In the event of a suspected data breach, remedial action should be taken to mitigate the risk of serious harm. If the action is effective, for example remotely wiping data off a laptop left on the train, the case may not have to be reported. If remedial action is ineffective or cannot be undertaken, a statement must be prepared outlining the information a description of a breach.

Failure to declare a notifiable data breach may result in issuing a data breach notification and penalties of up to $360,000 for an individual or $1.8m for a company in civil penalties. Individuals found in breach of obligations under privacy laws may also be subject of a complaint to AHPRA.

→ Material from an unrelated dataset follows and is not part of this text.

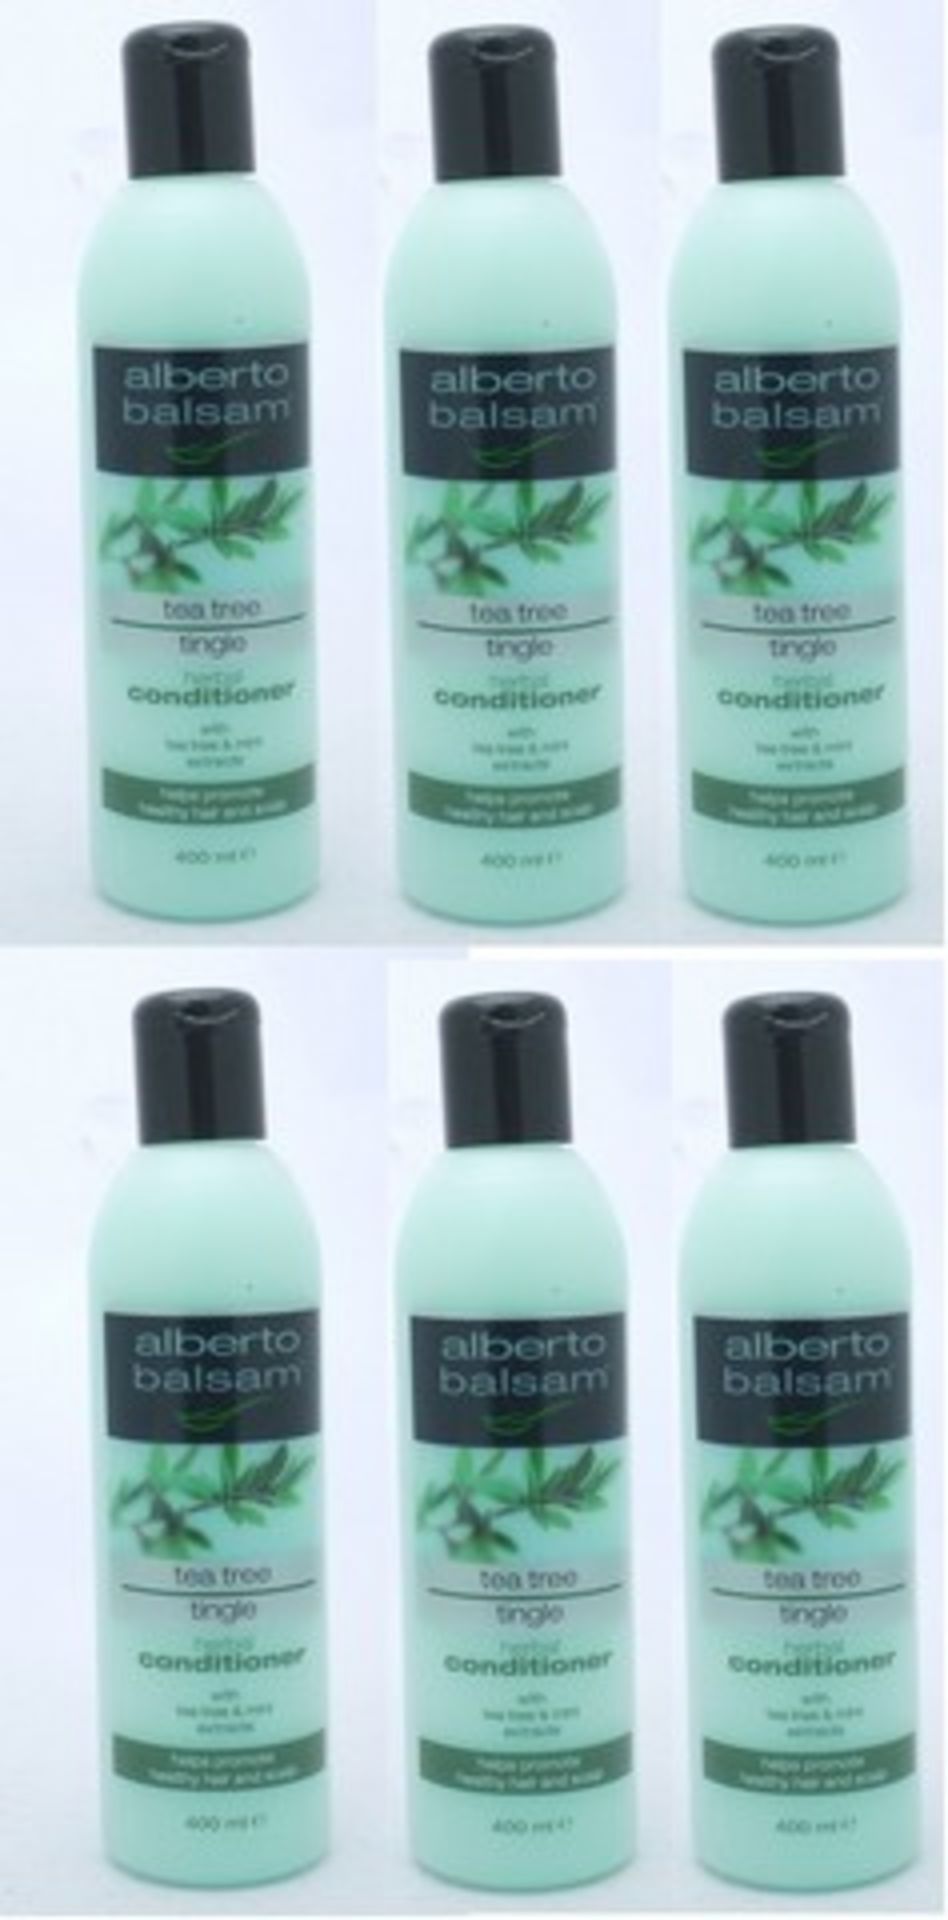 + VAT Brand New Lot Of 6 Alberto Balsam Tea Tree Tingle Herbal Conditioner 400 ml Total eBay Price

A note about medical indemnity insurance

In most instances, doctors are covered by their insurance for actual or alleged breaches of privacy or confidentiality, however doctors are advised to check with their medical indemnity insurers to check they are covered for fines which may be imposed by the Privacy Commissioner, or damages awarded by the courts. On average, around $15,000 has been awarded by the Privacy Commissioner to individual claimants in cases of health data breaches.

Doctors should also consider the cost and impact of investigations into alleged or actual data breaches which may involve, for example computers and equipment being offline while forensic investigations are being undertaken. Most healthcare clinics have a policy around privacy and cyber security and it is recommended these be reviewed and strengthened, and staff training undertaken where necessary before the new mandatory reporting laws come into place.

A guide to handling personal information security breaches is available from the Office of the Australian Information Commissioner. A draft business resource around handling health information under the Privacy Act for health service providers is also available from the OAIC.